26 May 2016

A Troubling New Trend: Trashing A Perfectly Good Stadium

I live in Charleston, SC, where history lives. We love our old buildings, and so, evidently, does the rest of America. The 300-year-old buildings are a draw for millions of tourists who grace our city.



I owned a house in Upstate New York that was born in the Depression, 63 years before I bought it. All the houses in the neighborhood were roughly the same age. Buildings can last for 100 years if properly maintained. Ask the Wrigleys and the Yawkeys.

Trashing A 20-Year-Old Building
In Arlington, TX, the baseball team has announced it will trash its ballpark for a new one, just 22 years after moving in. Unlike the Braves, who are abandoning their 24-year-old stadium for the suburbs, the Rangers hope to occupy a new, domed, air-conditioned home field nearby. 

Why?
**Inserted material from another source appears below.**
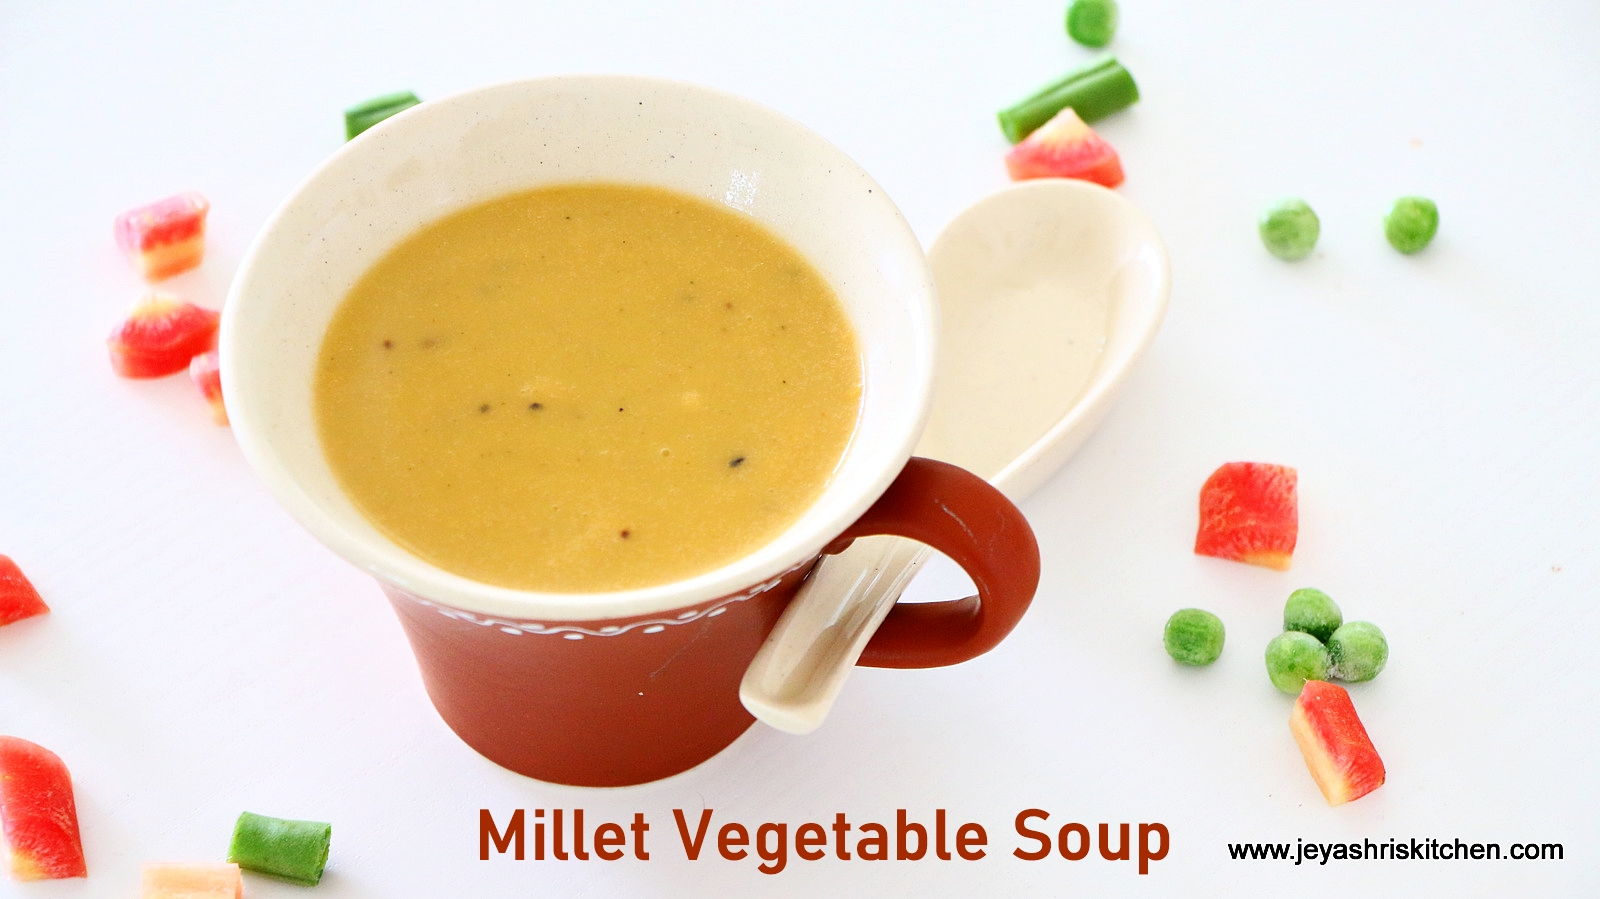 Millet vegetable soup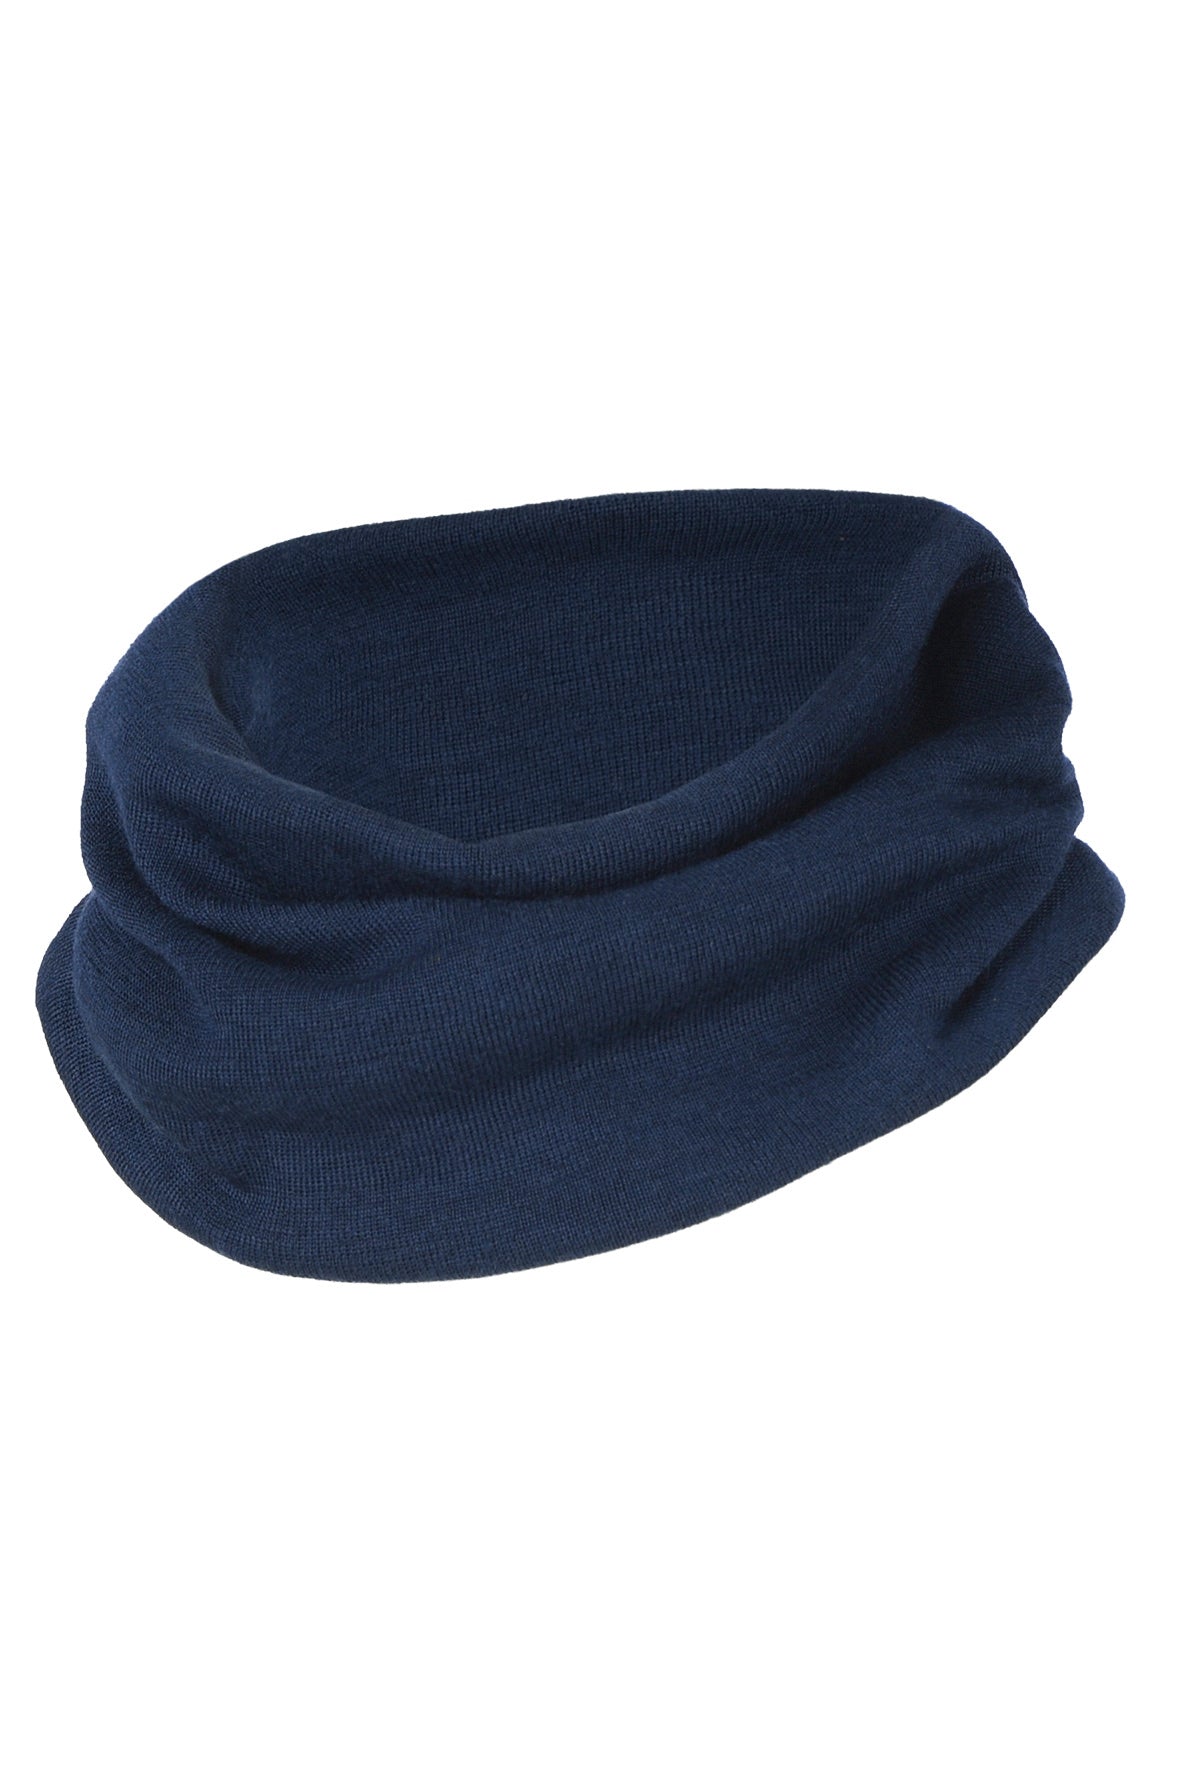 Engel silk wool loop scarf in navy

Is the current edifice decrepit, anachronistic or dysfunctional? No, it's a perfectly good baseball venue, enjoying the bloom of youth. Apparently they were not aware that it's hot in the summer in Dallas when The Ballpark at Arlington, as it was originally known, was built.

$1 Billion Investment for Something The City Already Has
The good people of Arlington shelled out $305 million (in 2016 dollars) for Globe Life and will bear the brunt of the $1 billion price tag for the new ballpark. City fathers and Rangers' brass will spin the accounting, but no matter how they fund the project, it's a massive new burden. The bonding authority or sales tax hike, or user fees employed to cover the cost can't be used to build schools, fix roads, invest in real economic development or anything else.

In the meantime, the old ballpark will be trashed and condos or somesuch will rise in its place, a waste of much of the original investment. At least the 30-year bonds were paid off early, or they'd be paying for a perfectly good baseball stadium while tearing it down.

A Disturbing Trend
It's their money, so folks around Dallas should allocate their dollars any way they want. But econometric studies have demonstrated that baseball stadiums, which host maybe 100 events a season, are rarely good financial investments for communities, even accounting for all the ancillary benefits beyond the sports team. And if you think Arlington's reputation would suffer without the ballclub, ask yourself this: is Arlington, TX now on your personal radar? 

Two teams have now made plans to ditch their home parks before they reached Mike Trout's age. This is a travesty of public policy. I hope it doesn't catch on.